If any portion of the distribution is treated as a deemed dividend, as described above, Canadian withholding tax at a rate of 25% will apply, subject to reduction under the provisions of an applicable income tax convention between Canada and the Non-Resident Holder's country of residence (a "Tax Treaty").
A Non-Resident Holder who realizes a capital gain as a result of the distribution, as described above, will not be subject to Canadian income tax under the Tax Act in respect of such gain provided the Common Shares are not "taxable Canadian property" to such Non-Resident Holder. The Common Shares generally will not be taxable Canadian property provided that: such shares are listed on a designated stock exchange within the meaning of the Tax Act (which currently includes the TSXV); unless at any time during the sixty month period immediately preceding the Distribution, (a) the Non-Resident Holder has, either alone or in combination with persons with whom the Non-Resident Holder does not deal at arm's length, owned 25% or more of the issued shares of any class or series of shares in the capital of the Company, and (b) more than 50% of the fair market value of the Common Shares was not derived directly or indirectly from one or any combination of real or immovable property situated in Canada, "Canadian resource properties" (as defined in the Tax Act), "timber resource properties" (as defined in the Tax Act), and options in respect of, or interests in, or for civil law rights in, any such property.
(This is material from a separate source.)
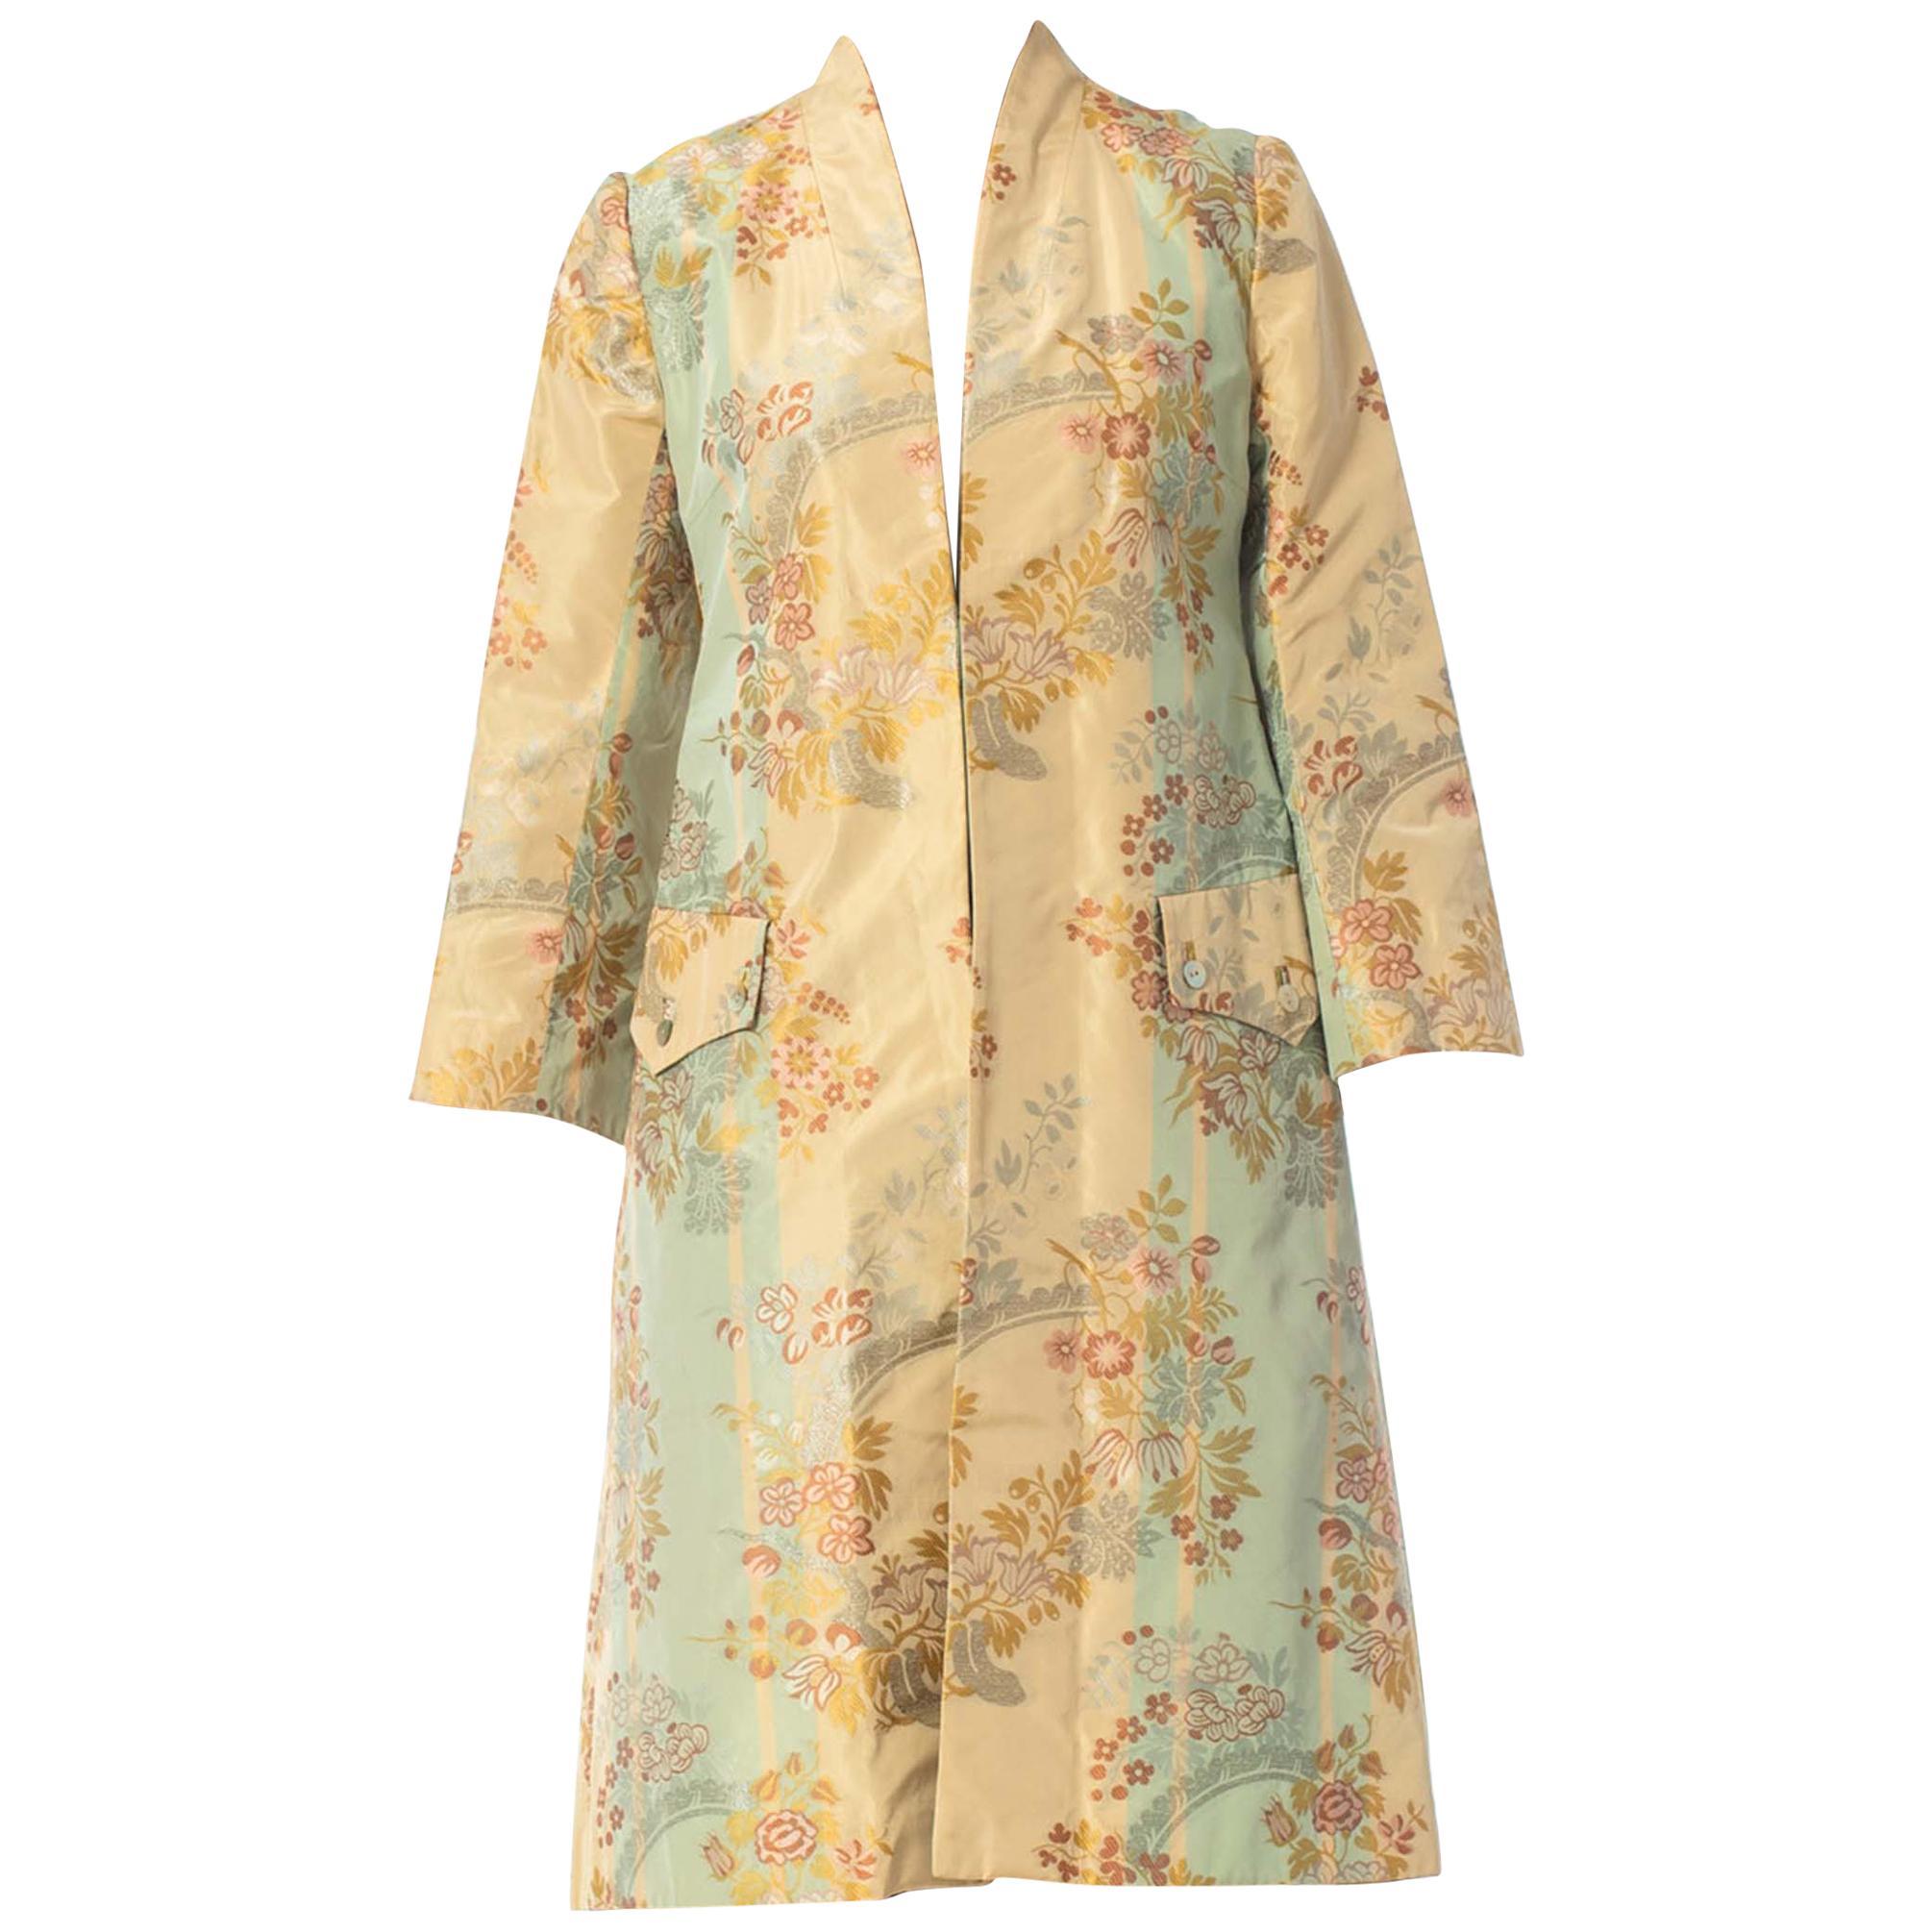 2000S ALEXANDER MCQUEEN Silk Brocade Frock Coat Jacket From The Shipwreck Colle

Notwithstanding the above, a Common Share may be deemed under the Tax Act to be "taxable Canadian property" of a particular Non-Resident Holder where the Non-Resident Holder acquired or held the share in certain circumstances, including acquiring the share in consideration of the disposition of other taxable Canadian property. Non-Resident Holders for whom a Common Share may be taxable Canadian property should consult their own tax advisors.
In the event that the Common Shares constitute taxable Canadian property to a particular Non-Resident Holder, the consequences under the Tax Act of realizing a capital gain will generally be the same as those for Resident Holders described above. Non-Resident Holders should consult with their own tax advisors as to the availability of relief from Canadian tax under an applicable income tax convention between Canada and the Non-Resident Holder's country of residence.
The Company has not sought advice from legal counsel in other jurisdictions with respect to the return of capital or the distributions for Shareholders that are not resident in Canada for the purposes of the Tax Act, therefore all such Shareholders should consult their own legal and accounting professionals for advice as to the tax and legal impact of the Return of Capital and the Dissolution in their own circumstances and applicable jurisdictions.